First, you need to make sure your oil has a high smoke point. If it doesn’t, then you’ll end up burning the oil, smoking up your house and turning the oil bad.
You also want to ensure that your oil has a neutral taste so that the ingredients you use for the meal aren’t affected taste-wise by the oil.
Also, if you are going to use the oil a few times to cook things, it’s good to have one that doesn’t transfer flavours.
If you satisfy those three things with a vegetable-based oil, then you’re likely okay to use it. That being said, there are oils like canola oil and sunflower oil that you can use for frying turkey. However, if you’ve got peanut oil, then go with that!
Why Use Peanut Oil To Fry Turkey?
Even though you don’t have to use peanut oil, it’s regarded as possibly the best oil to use. So, why use peanut oil to fry turkey?
It’s because refined peanut oil satisfies the three needs that we outlined in the section above. You’ll find that peanut oil has a smoke point of 450 degrees Fahrenheit, which is more than enough to effectively fry a turkey.
Also, you can use it a few times without worrying about transferring the flavour of one food item to another food item.

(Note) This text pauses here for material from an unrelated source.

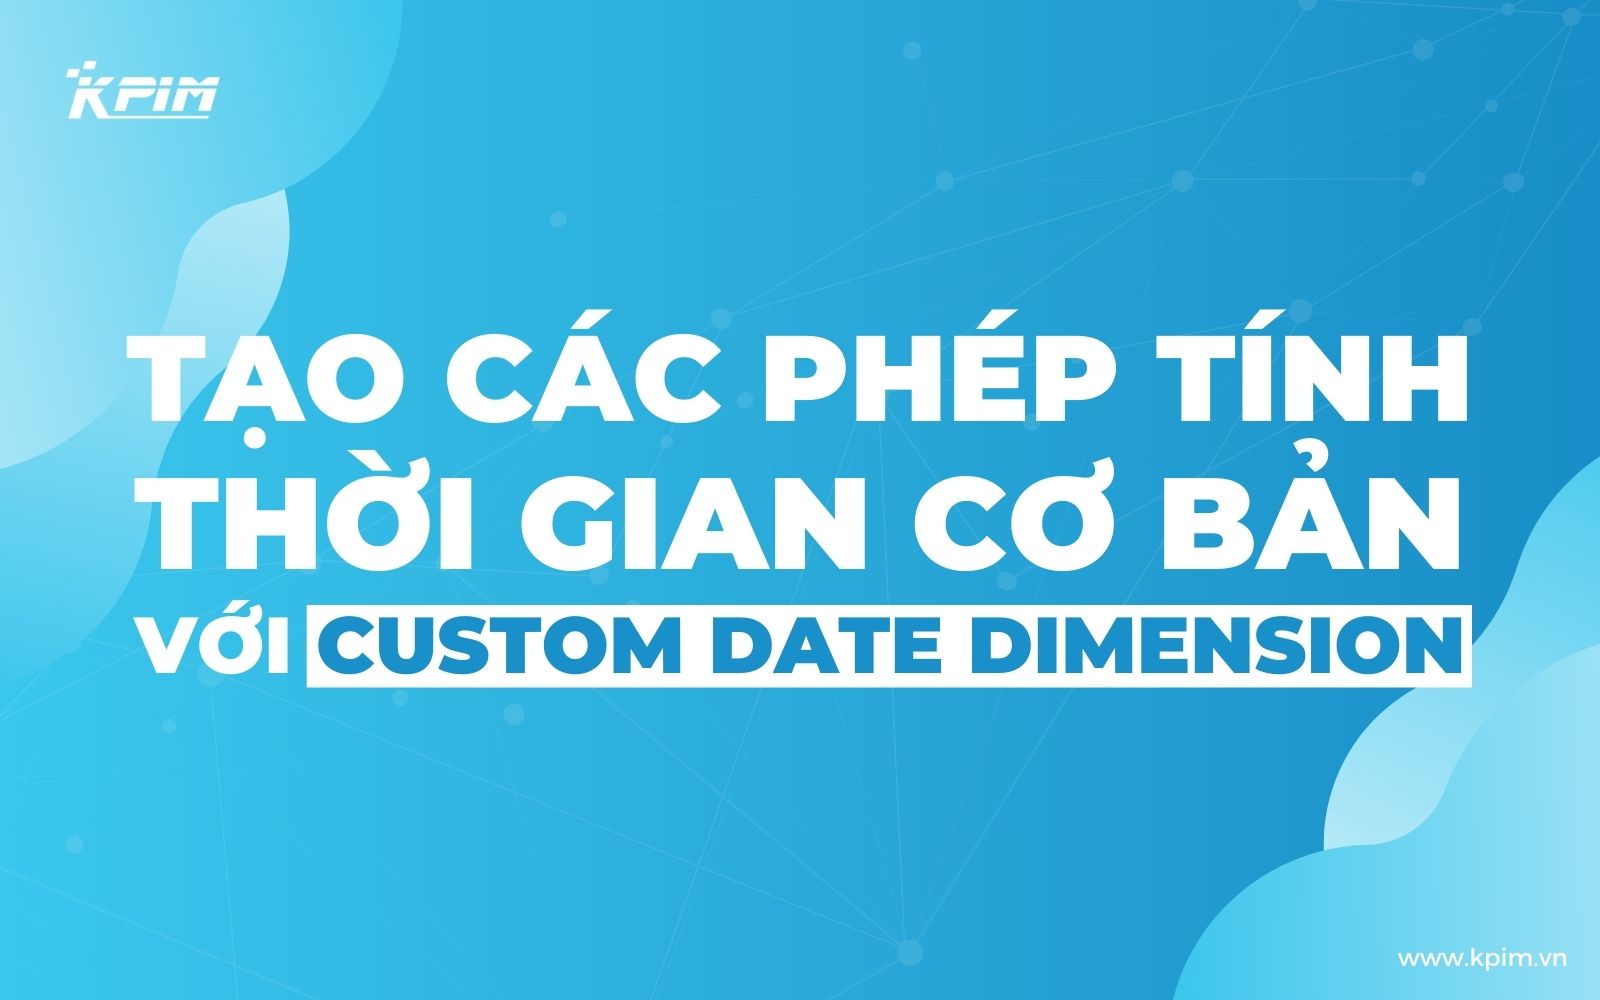 custom date dimension

If you’re only planning on frying a turkey with the oil, then that won’t matter much to you unless you decide to reuse it. But what does matter is that you buy peanut oil that has a neutral taste and odour to it. And if you’re looking to add a bit of a nutty twist to your turkey, you can accomplish that with peanut oil as well.

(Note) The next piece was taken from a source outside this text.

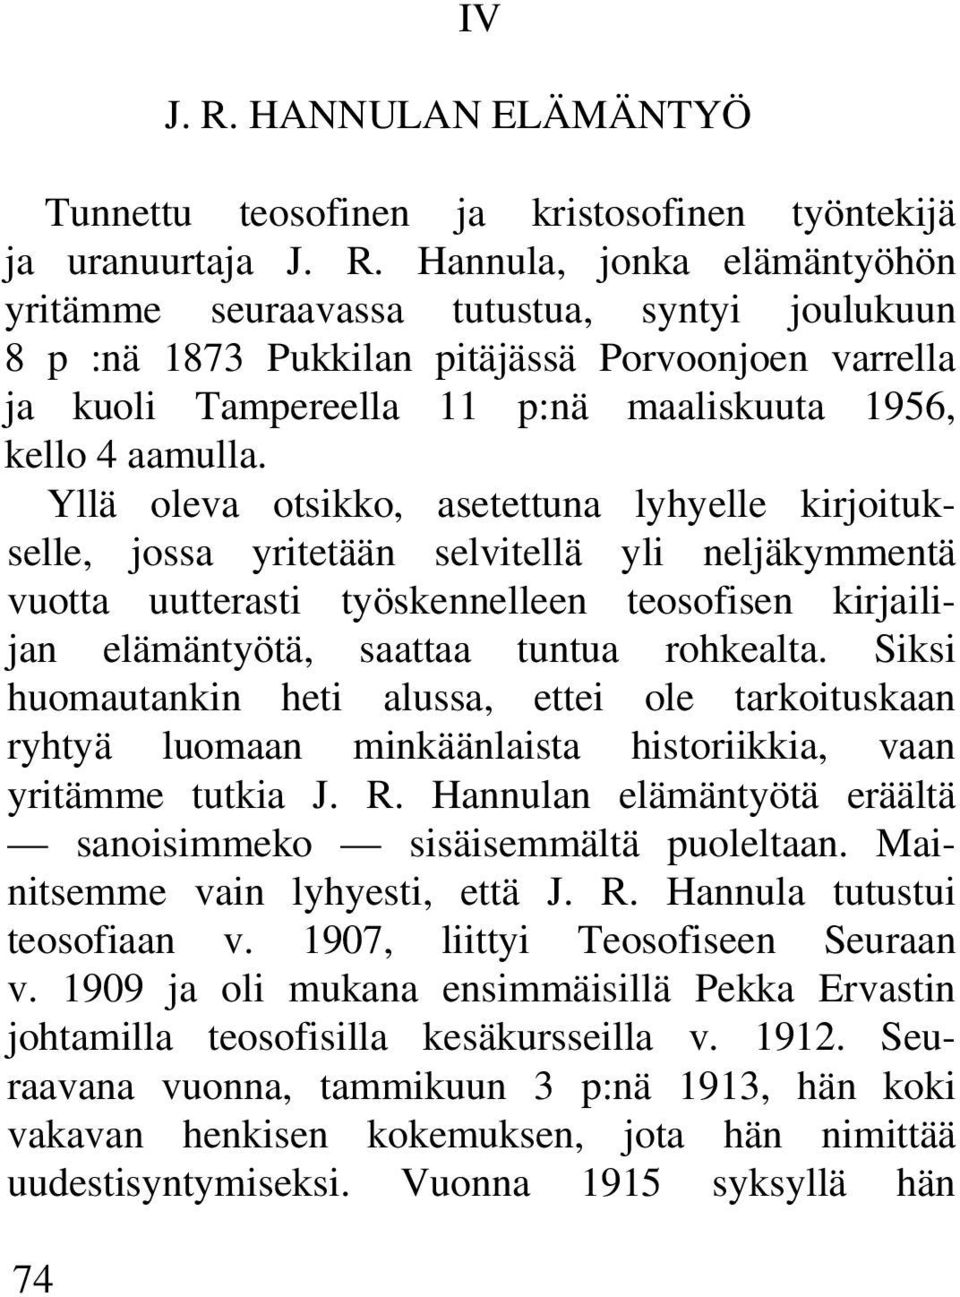 Hannula, jonka elämäntyöhön yritämme seuraavassa tutustua, syntyi joulukuun 8 p :nä 1873 Pukkilan pitäjässä Porvoonjoen varrella ja kuoli Tampereella 11 p:nä maaliskuuta 1956, kello 4 aamulla.

A refined peanut oil should be tasteless. One that isn’t refined can add a nutty taste.
What Is A Peanut Oil Substitute For Frying Turkey?
As we have mentioned, you don’t have to use peanut oil for turkey frying as there are many peanut oil alternatives. Frying turkey is fairly simple, and choosing the oil is simple as well.
For example, canola oil is another vegetable-based oil that you can use as a peanut oil alternative. Frying turkey with the latter and former will be pretty much the same experience. Canola oil has a lower smoke point, but it’s still enough to handle the heat you need to properly fry the bird, and it’s also tasteless.
Another option you can buy is sunflower oil. It actually has a higher smoke point than peanut oil and you won’t taste or smell anything either. Coconut oil will accomplish frying a turkey as well.
And if you see arachis oil or groundnut oil in the supermarket, you can use either of those to fry a turkey since they’re the same as peanut oil.
How Much Peanut Oil To Fry A Turkey
An important thing to know before you get started is how much peanut oil for frying a turkey do you need.
Well, you’ll need a lot.
In fact, you’re going to need 3.5 gallons of peanut oil to fry a turkey right. Typically you can buy 1 gallon bottles of refined peanut oil, and you can even find bigger containers at select grocery stores or online.
Before you get started frying your turkey, make sure you have a bit more than 3.5 gallons, just in case you spill some oil.
What Is The Best Peanut Oil For Frying Turkey?
There are a plethora of great peanut oils on the market that you can use to fry your turkey. And below we’ll share some of the best peanut oils you can buy on Amazon and have shipped directly to your doorstep.
Happy Belly Peanut Oil – Amazon Brand
Happy Belly Peanut Oil is a highly reviewed peanut oil that guarantees zero trans fat and comes in one-gallon containers.
Snappy Popcorn Peanut Oil
It may have popcorn in the name, but Snappy Popcorn Peanut Oil is a fantastic frying oil that you can use for cooking a turkey. It also has a nutty taste to it.
Lou Ana Peanut Oil
If you’re looking for an organic, sustainable choice for peanut oil, Lou Ana Peanut Oil is just that. It has a light nutty flavour to it, and is ready to service all your frying needs.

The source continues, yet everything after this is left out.